26 Doch wij moeten op een zeker eiland vervallen.

26 But we must run aground on a certain island.”

27 Als nu de veertiende nacht gekomen was, alzo wij in de Adriatische zee herwaarts en derwaarts gedreven werden, omtrent het midden des nachts, vermoedden de scheepslieden, dat hun enig land naderde.

27 But when the fourteenth night came, as we were being driven about in the Adriatic Sea, about midnight the sailors began to surmise that they were approaching some land.

28 En het dieplood uitgeworpen hebbende, vonden zij twintig vademen; en een weinig voortgevaren zijnde, wierpen zij wederom het dieplood uit, en vonden vijftien vademen;

28 They took soundings and found it to be twenty fathoms; and a little farther on they took another sounding and found it to be fifteen fathoms.

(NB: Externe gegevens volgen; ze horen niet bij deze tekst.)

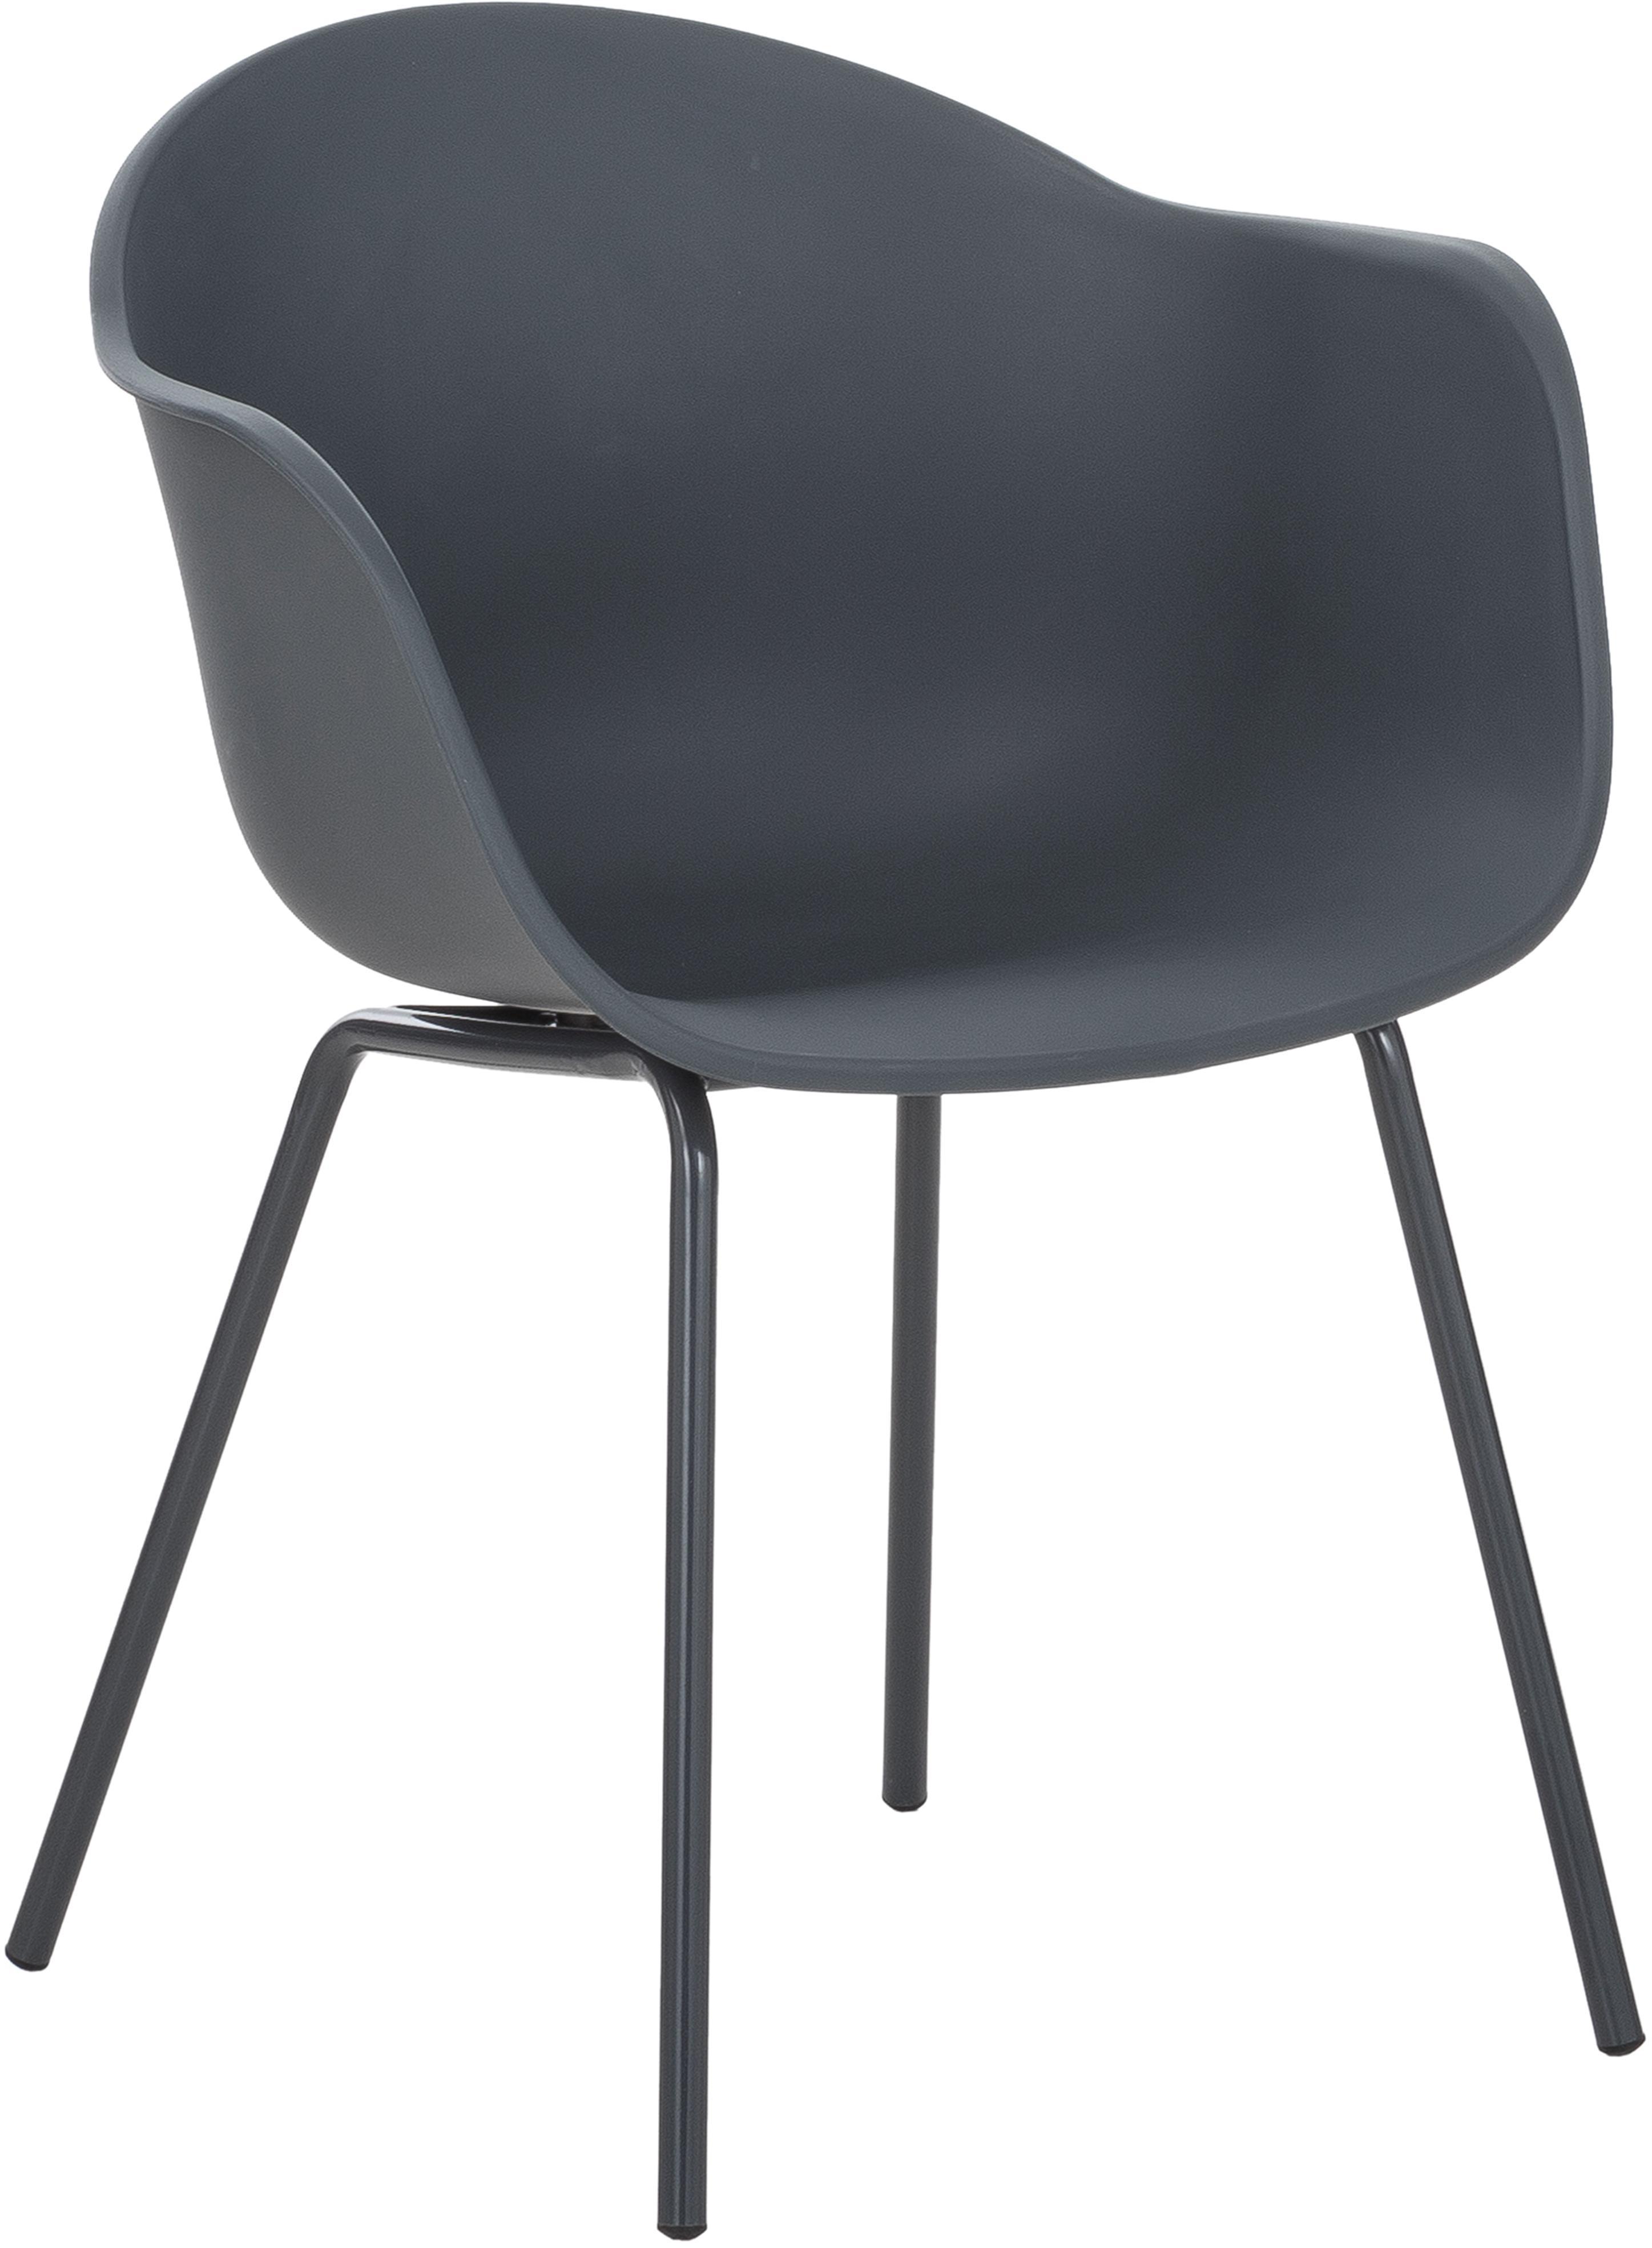 Silla con reposabrazos Claire, Asiento: plástico, Patas: metal con pintura en polv, Gris, An 54 x F 60 cm

29 En vrezende, dat zij ergens op harde plaatsen vervallen mochten, wierpen zij vier ankers van het achterschip uit, en wensten, dat het dag werd.

29 Fearing that we might run aground somewhere on the rocks, they cast four anchors from the stern and wished for daybreak.

30 Maar als de scheepslieden zochten uit het schip te vlieden, en de boot nederlieten in de zee, onder den schijn, alsof zij uit het voorschip de ankers zouden uitbrengen,

30 But as the sailors were trying to escape from the ship and had let down the ship’s boat into the sea, on the pretense of intending to lay out anchors from the bow,

31 Zeide Paulus tot den hoofdman en tot de krijgsknechten: Indien dezen in het schip niet blijven, gij kunt niet behouden worden.

31 Paul said to the centurion and to the soldiers, “Unless these men remain in the ship, you yourselves cannot be saved.”

32 Toen hieuwen de krijgsknechten de touwen af van de boot, en lieten haar vallen.

32 Then the soldiers cut away the ropes of the ship’s boat and let it fall away.

33 En ondertussen dat het dag zou worden, vermaande Paulus hen allen, dat zij zouden spijze nemen, en zeide: Het is heden de veertiende dag, dat gij verwachtende blijft zonder eten, en niets hebt genomen.

33 Until the day was about to dawn, Paul was encouraging them all to take some food, saying, “Today is the fourteenth day that you have been constantly watching and going without eating, having taken nothing.

34 Daarom vermaan ik u spijze te nemen, want dat dient tot uw behouding; want niemand van u zal een haar van het hoofd vallen.

34 Therefore I encourage you to take some food, for this is for your preservation, for not a hair from the head of any of you will perish.”

35 En als hij dit gezegd had en brood genomen had, dankte hij God in aller tegenwoordigheid; en hetzelve gebroken hebbende, begon hij te eten.

35 Having said this, he took bread and gave thanks to God in the presence of all, and he broke it and began to eat.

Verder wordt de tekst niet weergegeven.